I would like to visualize CSV data as shown below, by a timeseries representation, using python's pandas module (see links below).
Sample data of df1:
TIMESTAMP eventid
0 2017-03-20 02:38:24 1
1 2017-03-21 05:59:41 1
2 2017-03-23 12:59:58 1
3 2017-03-24 01:00:07 1
4 2017-03-27 03:00:13 1
The 'eventid' column always contains the value of 1, and I am trying to show the sum of events for each day in the dataset. Is
pandas.Series.cumsum()
the correct function to use for this purpose?
script so far:
import pandas as pd
import matplotlib.pyplot as plt
import numpy as np
df1 = pd.read_csv('timestamp01.csv')
print df1.columns # u'TIMESTAMP', u'eventid'
# I: ts = pd.Series(df1['eventid'], index=df1['TIMESTAMP'])
# O: Blank plot
# I: ts = pd.Series(df1['eventid'], index=pd.date_range(df1['TIMESTAMP'], periods=1000))

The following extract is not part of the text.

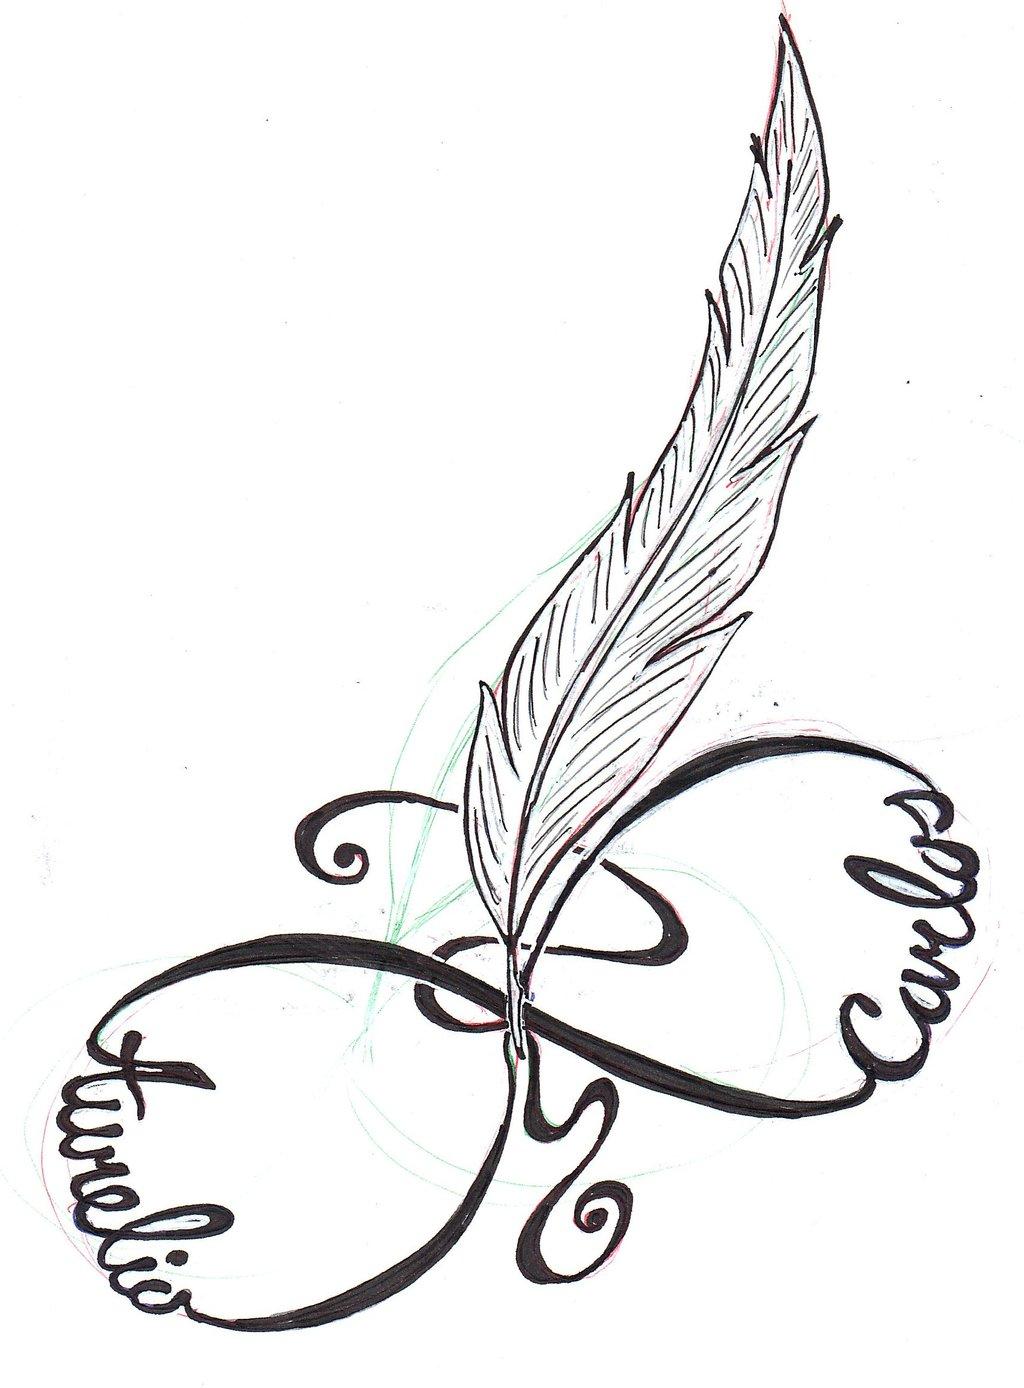 Love yourself infinity tattoo on hip feather infinity tattoo design by slk grafix buycottarizona

# O: TypeError: Cannot convert input ... Name: TIMESTAMP, dtype: object] of type <class 'pandas.core.series.Series'> to Timestamp
# working test example:
# I: ts = pd.Series(np.random.randn(1000), index=pd.date_range('1/1/2000', periods=1000))
# O: See first link below (first plot).
ts = ts.cumsum()
ts.plot()
plt.show()
Links I have tried to follow:
http://pandas.pydata.org/pandas-docs/stable/visualization.html
Aggregating timeseries from sensors
(above example has different values, as opposed to my 'eventid' data)
Any help is much appreciated.